Kelly’s “free room” hadn’t been at all what he’d expected. After most of the patrons had left the bar, she’d explained that her father owned the building, then taken him up to the third floor and shown him the space she’d mentioned. It wasn’t fancy by any means, just an open loft with a peaked ceiling, dormer windows, a cot, a working bathroom, a tiny kitchen, and heat. But Tate didn’t need fancy. And the minute he’d learned that Ella lived in the apartment on the second floor above the bar, he’d jumped on it. Even without heat, he’d have taken it.
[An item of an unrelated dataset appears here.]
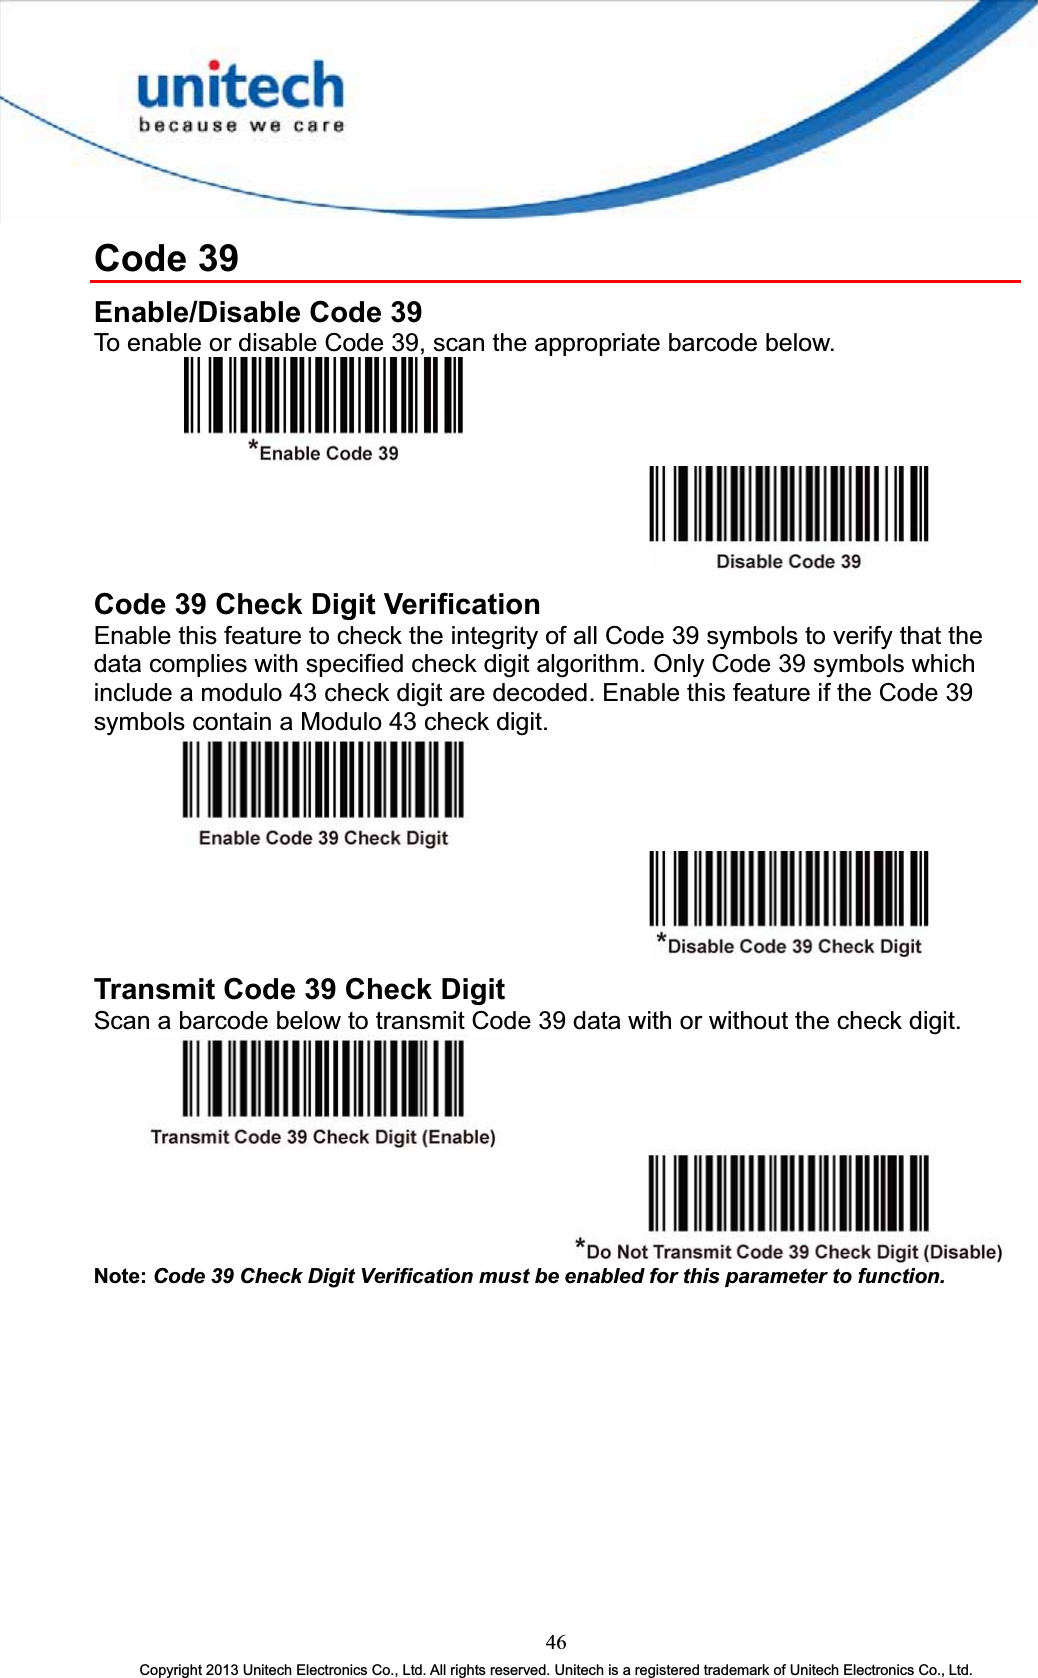 Code 39 Enable/Disable Code 39 To enable or disable Code 39, scan the appropriate barcode below. Code 39 Check Digit Verification   Enable this feature to check the integrity of all Code 39 symbols to verify that the data complies with specified check digit algorithm. Only Code 39 symbols which include a modulo 43 check digit are decoded. Enable this feature if the Code 39 symbols contain a Modulo 43 check digit. Transmit Code 39 Check Digit Scan a barcode below to transmit Code 39 data with or without the check digit. Note: Code 39 Check Digit Verification must be enabled for this parameter to function.46Copyright 2013 Unitech Electronics Co., Ltd. All rights reserved. Unitech is a registered trademark of Unitech Electronics Co., Ltd.

Maybe he was just asking for trouble, but he wasn’t ready to leave. Not until he put this plan into action and found out for himself whether the old Ella—the one he hadn’t been able to stop thinking about for nine long years—was somewhere in the hardened businesswoman she’d become.

The pain subsided, and he held up his phone and swept the light over the steps as he descended. Cool air washed over his bare feet, making him shiver beneath the flannel shirt he’d tugged on over his jeans. When he hit ground level, he turned to his right, flashing his light over the shelves and walls, sure he’d seen a breaker box earlier in the evening when he’d followed Ella. The edge of a gray metal box came into view. He took a step in that direction, but from the corner of his eye, he saw a shadow moving toward him—something big and heavy headed right for him.

“Holy shi—” Tate swiveled in the other direction and ducked. The phone flew from his fingers. Something hard just missed his head and slammed into his shoulder. A crack echoed, followed by a rush of cold liquid that spilled over his shoulder and chest and ran down his legs, ending in a shatter of glass at his feet.

It was pitch-black. He couldn’t see a single thing. But adrenaline had him swinging out and reaching for whomever had broken into Ella’s bar and attacked him. His fingers closed around an arm or wrist—he wasn’t sure which—and he jerked the person toward him. Pulling his free arm back, he closed his hand into a fist and was just about to throw a punch when a high-pitched shriek met his ears.